Deputy Presiding Officer of the Scottish Parliament
- In office 29 November 2001 – 2 April 2007 Serving with George Reid (2001–2003) and Trish Godman (2003–2007)
- Presiding Officer: David Steel George Reid
- Preceded by: Patricia Ferguson
- Succeeded by: Alasdair Morgan

Member of the Scottish Parliament for West of Scotland (1 of 7 Regional MSPs)
- In office 1 May 2003 – 2 April 2007

Member of the Scottish Parliament for South of Scotland (1 of 7 Regional MSPs)
- In office 6 May 1999 – 31 March 2003

Personal details
- Born: Neil Murray Tosh 1 September 1950 (age 76) Ayr, Scotland
- Party: Scottish Conservative
- Other political affiliations: Liberal (1970s)

= Murray Tosh =

British politician (born 1950)

Neil Murray Tosh (born 1 September 1950) is a retired Scottish Conservative Party politician who served as a Member of the Scottish Parliament (MSP) for the South of Scotland region (1999–2003) and the West of Scotland region (2003–07).

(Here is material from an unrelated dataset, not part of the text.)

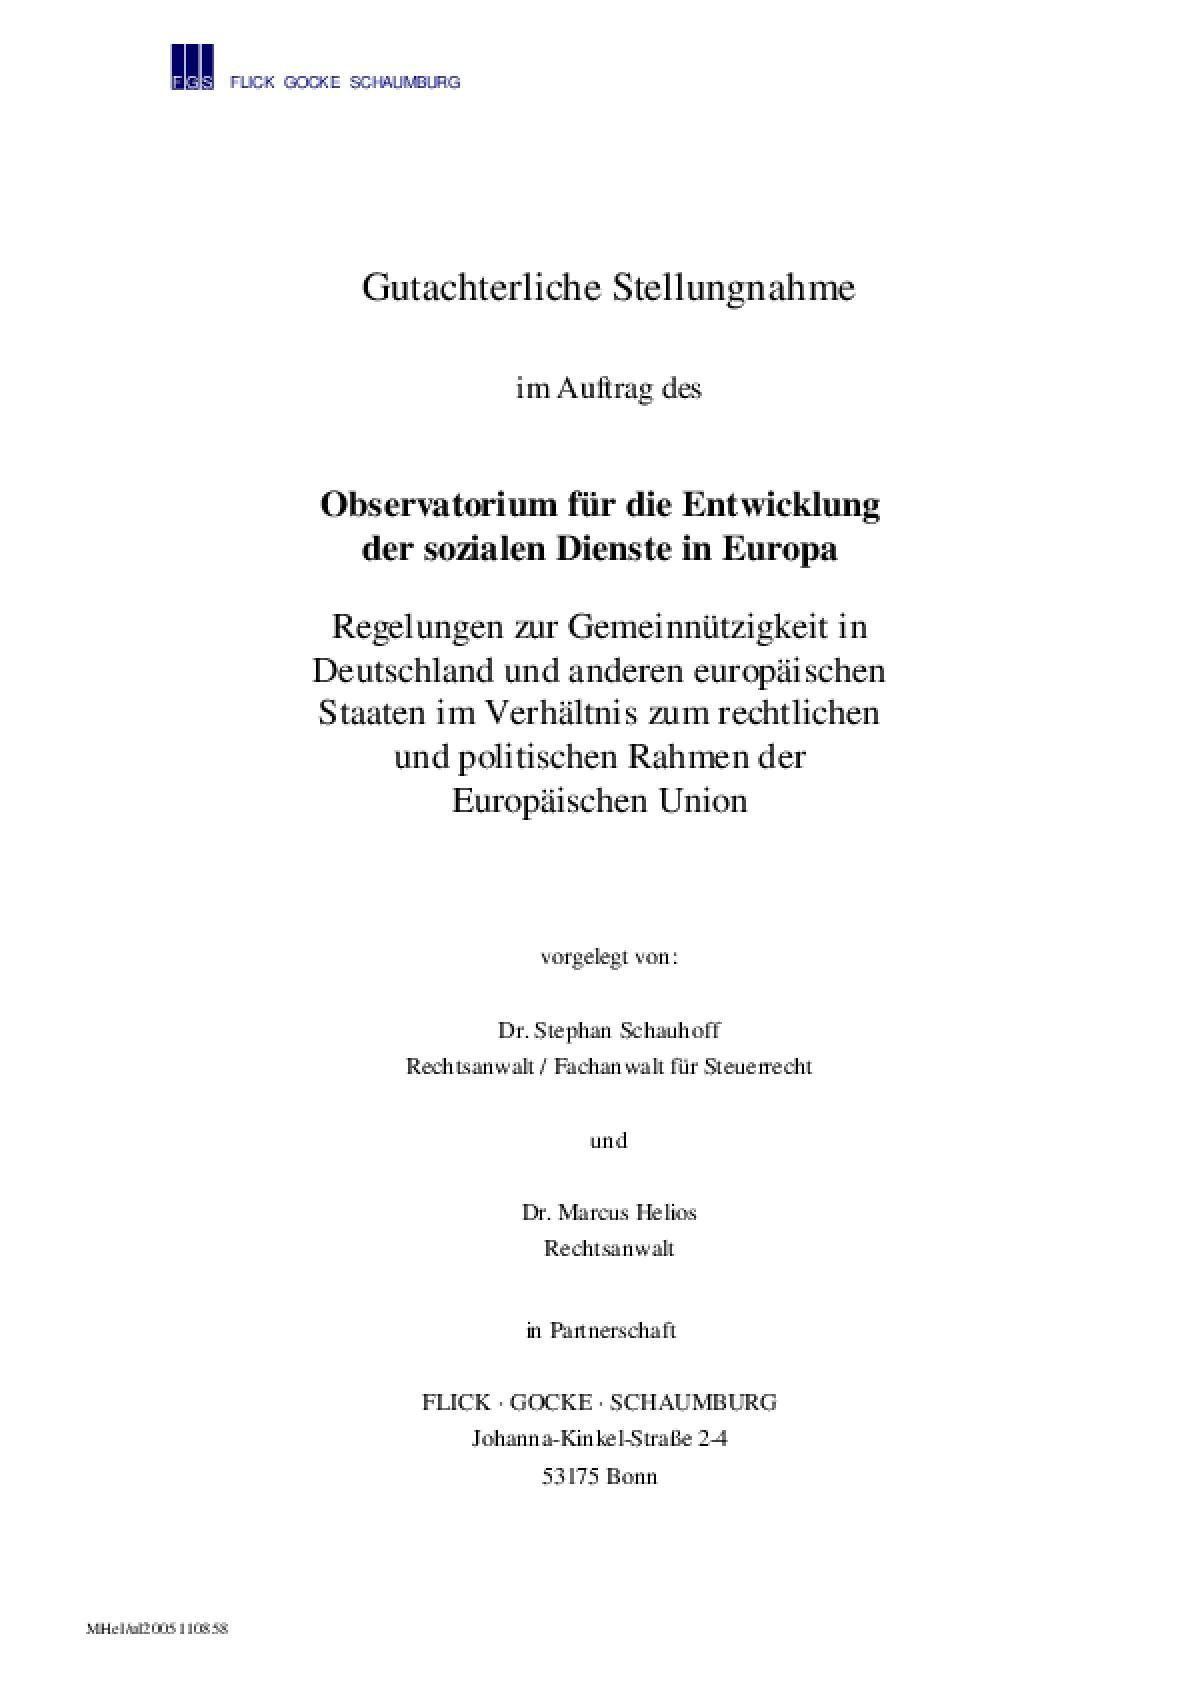 Regelungen Zur Gemeinnützigkeit in Deutschland Und Anderen Europäischen Staaten Im Verhältnis Zum Rechtlichen Und Politischen Rahmen Der Europäischen Union

== Early life and career ==
Born in Ayr, Tosh was educated at Kilmarnock Academy and the University of Glasgow, where he was president of the Liberal Club and graduated with a second-class honours degree in history and politics. He trained as a schoolteacher at Jordanhill College in Glasgow, and for nearly 25 years taught history at several schools in Ayrshire. Before being elected to the Scottish Parliament he was head of the history department at Belmont Academy in Ayr.

== Political career ==
Tosh contested Ayr at the October 1974 general election as a Liberal, and Glasgow Hillhead at the 1983 general election for the Conservatives. From 1987 to 1996, he represented Troon South-West ward on Kyle and Carrick District Council, where he rose to become deputy leader of the Conservative group.

At the inaugural election for the Scottish Parliament in 1999, Tosh stood as the Conservative candidate for Cunninghame South, where he came third; instead, he was elected to Holyrood as one of four candidates on the party's South of Scotland regional list. Regarded as being on the Conservative left, he was convener of the Procedures Committee during his first parliamentary term. In the debating chamber his contributions tended towards the histrionic: Robert McNeil, writing for The Scotsman, described him as "a great source of unwitting entertainment, gesturing like Mussolini on a balcony, as he wound himself up into ludicrous fits of passion about drains, minor roads and paper-clips."

In 2001, he announced his intention to stand down at the next election so that he could return to local government, prompting speculation that he was unhappy about the selection of right-winger Iain Duncan Smith as national party leader. However, he unexpectedly won the race to become a Deputy Presiding Officer that same year, defeating Cathy Peattie by 68 votes to 45, which led him to reverse his earlier decision to leave Holyrood. Press reports attributed his victory to the heavy-handed attempts by the Labour Party leader, Jack McConnell, to force his MSPs to support Peattie en masse, which prompted a backlash from several of them amid public allegations of 'cronyism'.

Tosh remained a Deputy Presiding Officer for the next six years, until the end of the second parliament in 2007. In that year's elections, he was the Conservative candidate for Dumfries, where he was defeated by Elaine Murray, the Labour incumbent. Having been placed fourth on the party's South of Scotland regional list, he therefore did not return to Holyrood as an MSP for the 2007–2011 session.

== Later years ==
In 2011, Tosh was one of those who backed Ruth Davidson's bid to become leader of the Scottish Conservative Party, describing her as a "breath of fresh air in Scottish politics".

In 2016, the representatives of the IndyCamp protesters stated that Tosh may own the Scottish Parliament building. This claim was dismissed by the lawyer for the Scottish Parliament.